● Work request
Copy word for word the lines in the records below, starting at the line with "Çankaya Üniversitesi Urap" and ending at the line with "Men's Multivitamin +". Skip the pictures.

== Supplied records ==

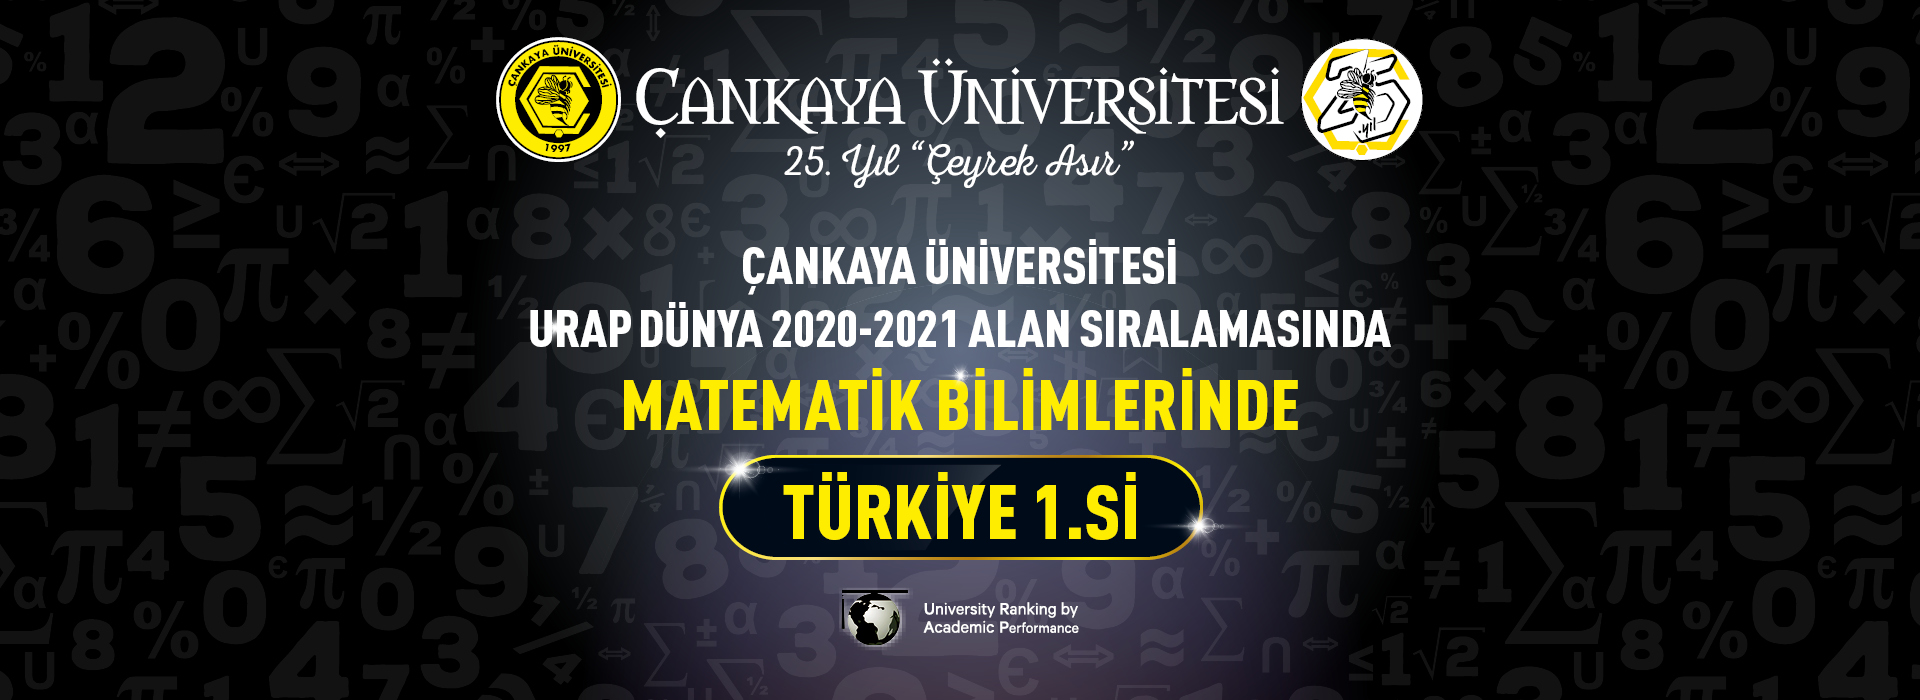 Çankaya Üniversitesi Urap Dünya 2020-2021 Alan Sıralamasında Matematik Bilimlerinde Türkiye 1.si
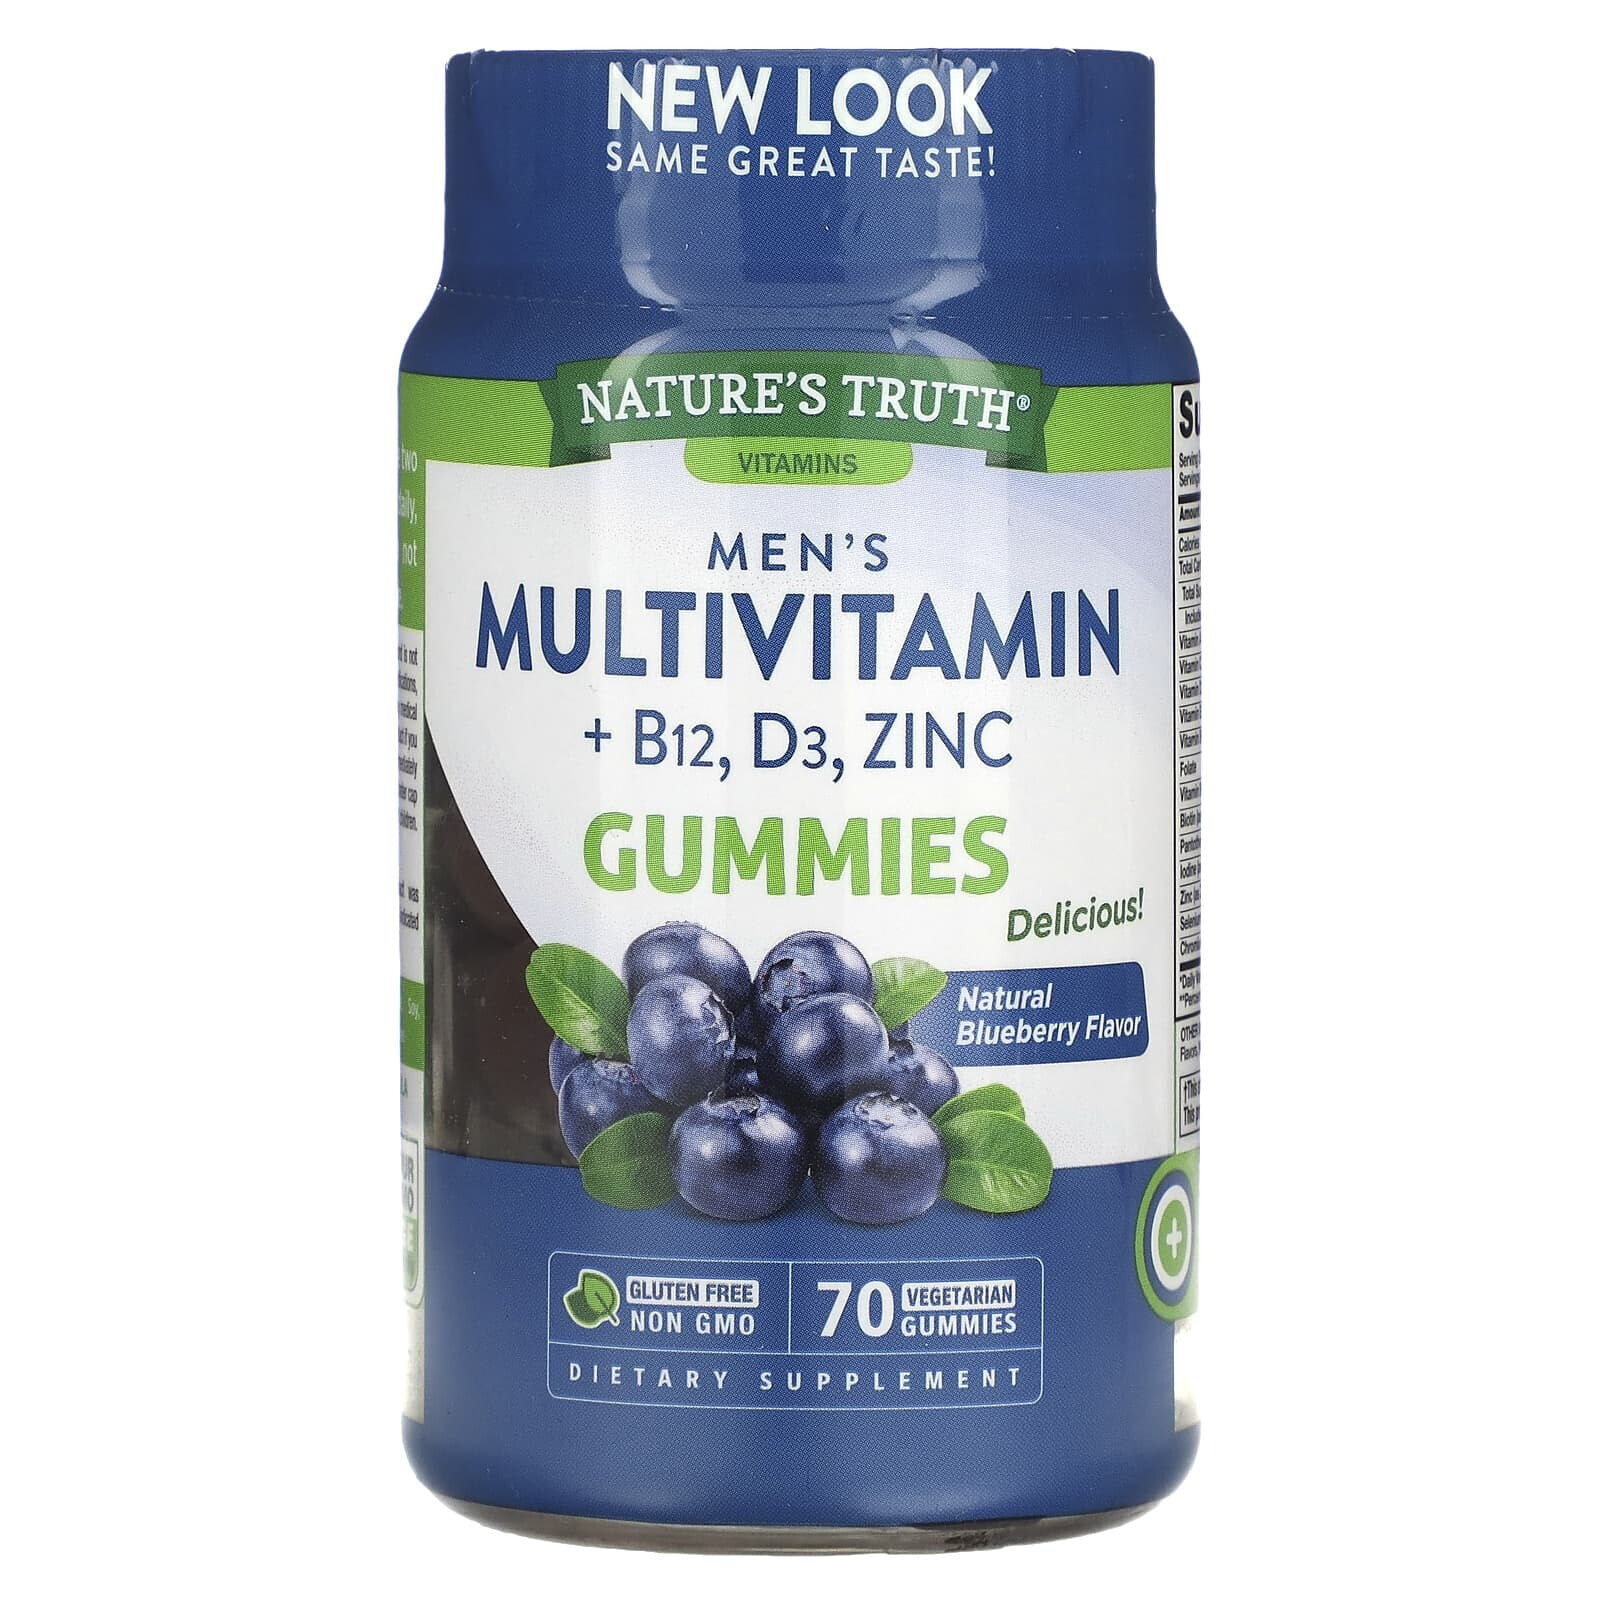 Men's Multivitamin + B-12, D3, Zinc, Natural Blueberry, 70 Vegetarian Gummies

===
== Supplied records ==

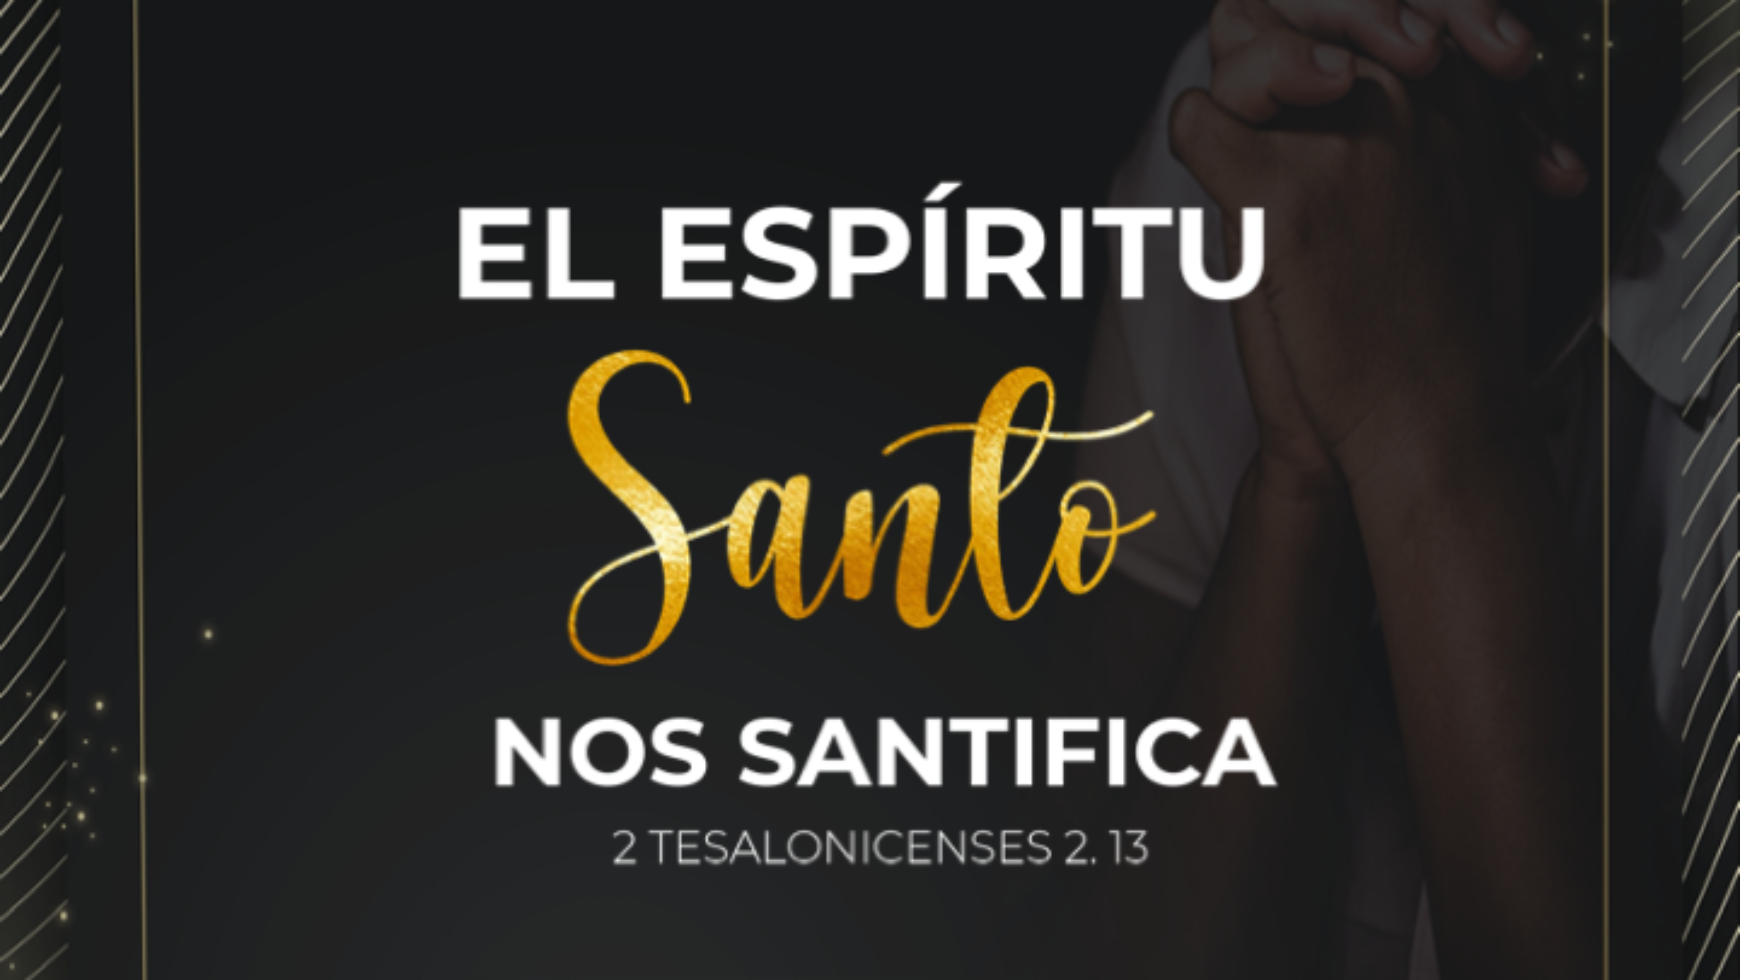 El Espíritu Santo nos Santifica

===

● Exercise output
 Çankaya Üniversitesi Urap Dünya 2020-2021 Alan Sıralamasında Matematik Bilimlerinde Türkiye 1.si
 Men's Multivitamin + B-12, D3, Zinc, Natural Blueberry, 70 Vegetarian Gummies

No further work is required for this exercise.